With the rapid expansion of data lakes storing health data and hosting AI algorithms, a prominent concern arises: how safe is it to export machine learning models from these data lakes? In particular, deep network models, widely used for health data processing, encode information from their training dataset, potentially leading to the leakage of sensitive information upon its export. This paper thoroughly examines this issue in the context of medical imaging data and introduces a novel data exfiltration attack based on image compression techniques. This attack, termed Data Exfiltration by Compression, requires only access to a data lake and is based on lossless or lossy image compression methods. Unlike previous data exfiltration attacks, it is compatible with any image processing task and depends solely on an exported network model without requiring any additional information to be collected during the training process. We explore various scenarios, and techniques to limit the size of the exported model and conceal the compression codes within the network.
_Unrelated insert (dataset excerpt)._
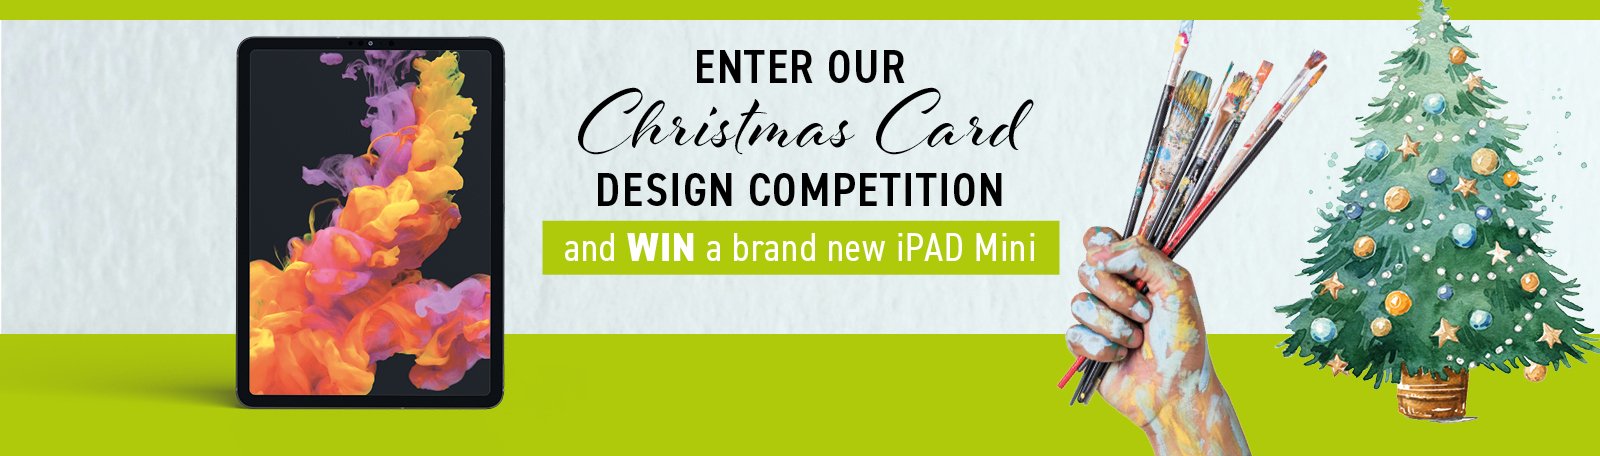 Christmas Card Design Competition Launched

Using two public datasets of CT and MR images, we demonstrate that this attack can effectively steal medical images and reconstruct them outside the data lake with high fidelity, achieving an optimal balance between compression and reconstruction quality. Additionally, we investigate the impact of basic differential privacy measures, such as adding Gaussian noise to the model parameters, to prevent the Data Exfiltration by Compression Attack. We also show how the attacker can make their attack resilient to differential privacy at the expense of decreasing the number of stolen images. Lastly, we propose an alternative prevention strategy by fine-tuning the model to be exported.

Paper Structure

This paper contains 20 sections, 14 figures, 2 tables.

Figures (14)

  • Figure 1: Overview of Data Exfiltration by Compression Attack.
  • Figure 2: The pipeline of lossy compression based attack in External Pre-training Scenario, where the data owner has access to an encoder-decoder pair outside the data lake. Initially, an encoder-decoder pair is trained on an external dataset. The trained encoder is then imported into the data lake. Next, the encoder compresses the target data into compression codes $Z$ while a utility network is simultaneously trained to conceal the attack behavior. Subsequently, the attacker exports the compressed codes embedded within the trained utility network from the data lake. Finally, with the exported $Z$ and the trained decoder outside the data lake, the attacker can de-compress the stolen dataset.
  • Figure 3: The pipeline of lossy compression based attack in Internal Training Scenario, without access to an external encoder-decoder pair. First, an attack model trained inside the data lake compresses the target data into compression codes $Z$, utilizing a shared encoder with a utility decoder branch for hiding the attack behavior. Then, the attacker exports the utility network, attack decoder, and $Z$ from the data lake. Finally, the stolen data can be de-compressed outside the data lake using the exported Z and the decoder.
  • Figure 4: Operational diagrams of the learned image compression method using an hyperprior entropy model 47602. The upper section corresponds to an hyperprior auto-encoder while the lower one shows an image auto-encoder architecture where AE, AD represent respectively arithmetic encoder and arithmetic decoder.
  • Figure 5: Lossy compression based attack on CT images (a) and MRI images (b) with various channel numbers $C^{|Z_{\mathrm{latent}}|}_{|Z_{\mathrm{hyper}}|}$ in x axis. The compression efficiency is measured using the criteria of BPP and $\mathrm{P}_{\mathrm{ratio}}$ in the first row, while the reconstruction fidelity is assessed using the criteria of PSNR and MS_SSIM in the second row.